- _Aim of the exercise_
In the entries that follow, the line with "Blended chocolate chia" opens the range and the line with "Blue Topaz &" closes it; repeat that range exactly, both lines included.

- _Provided records_
BEGIN
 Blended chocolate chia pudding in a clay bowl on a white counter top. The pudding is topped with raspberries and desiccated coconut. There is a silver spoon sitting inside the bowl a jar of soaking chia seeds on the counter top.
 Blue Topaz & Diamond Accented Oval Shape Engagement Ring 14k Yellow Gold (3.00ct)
END
BEGIN
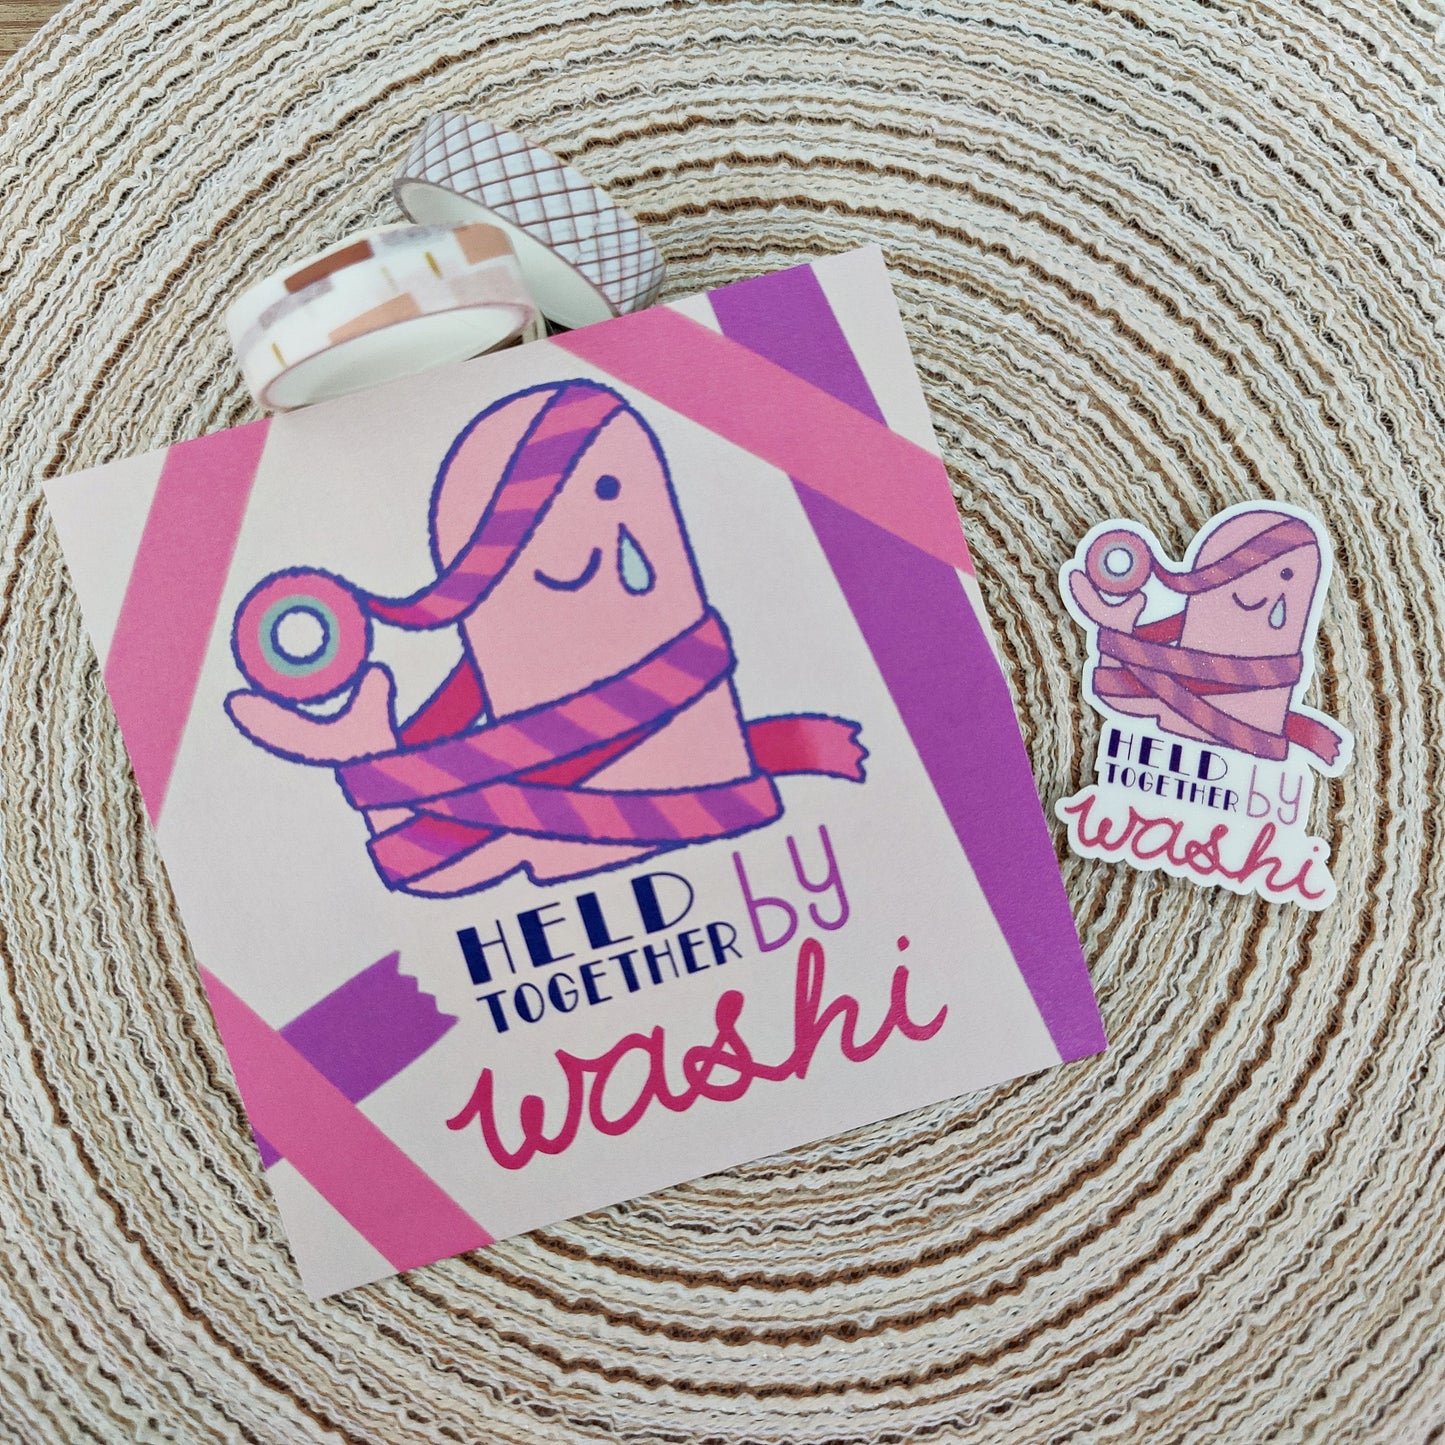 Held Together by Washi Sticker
END
BEGIN
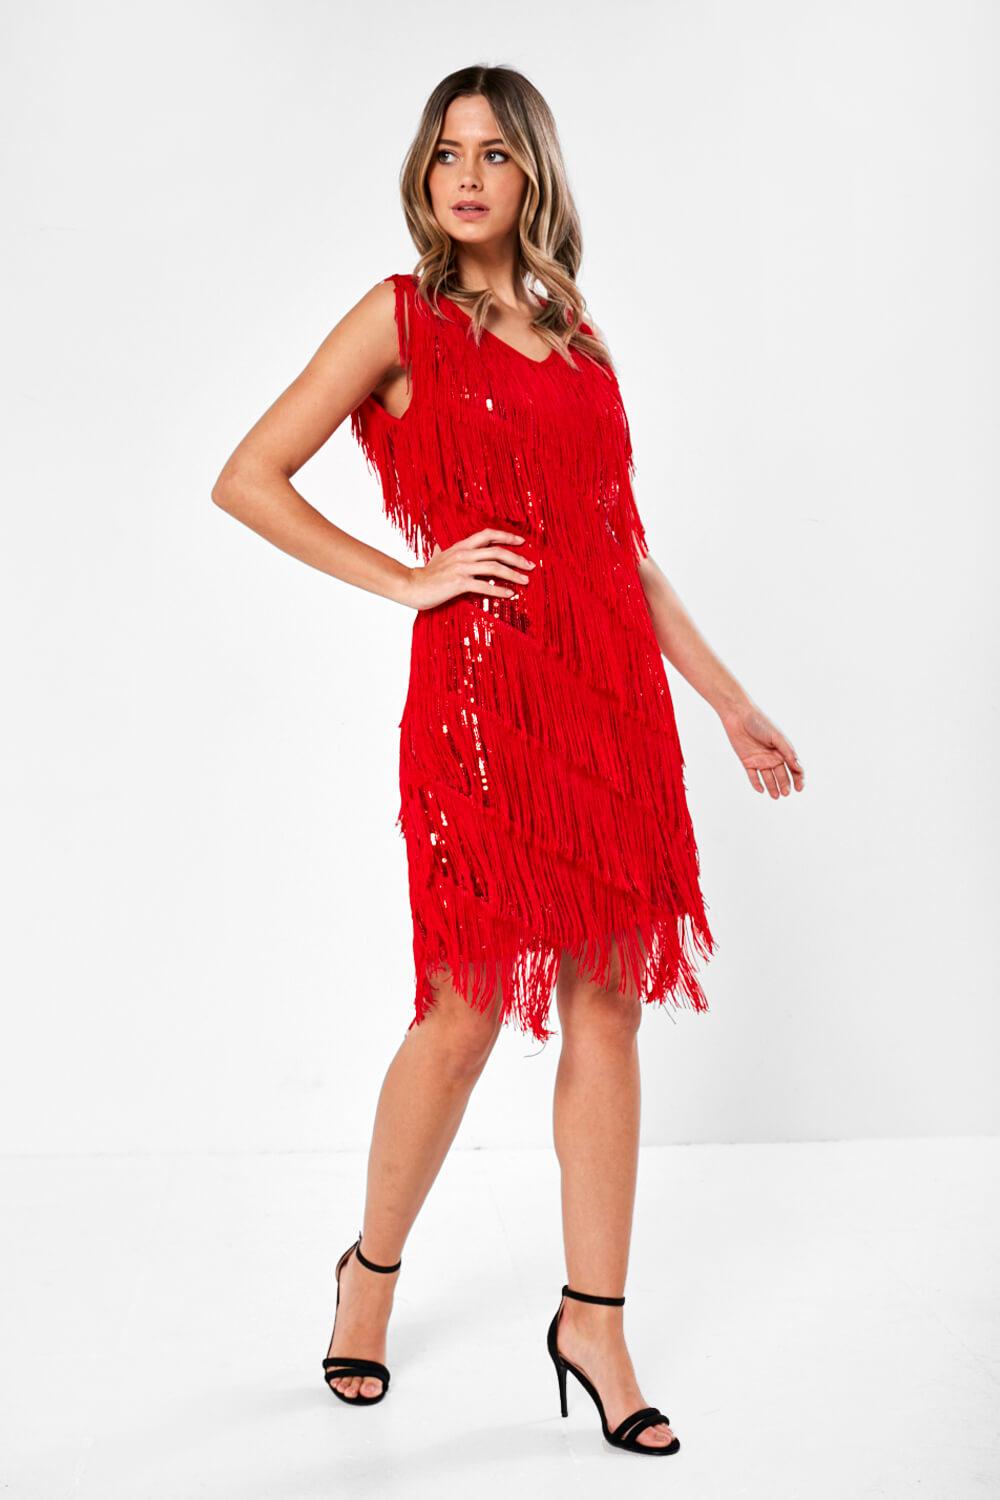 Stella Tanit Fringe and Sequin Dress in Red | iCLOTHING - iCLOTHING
END
- _Output of the task_
 Blended chocolate chia pudding in a clay bowl on a white counter top. The pudding is topped with raspberries and desiccated coconut. There is a silver spoon sitting inside the bowl a jar of soaking chia seeds on the counter top.
 Blue Topaz & Diamond Accented Oval Shape Engagement Ring 14k Yellow Gold (3.00ct)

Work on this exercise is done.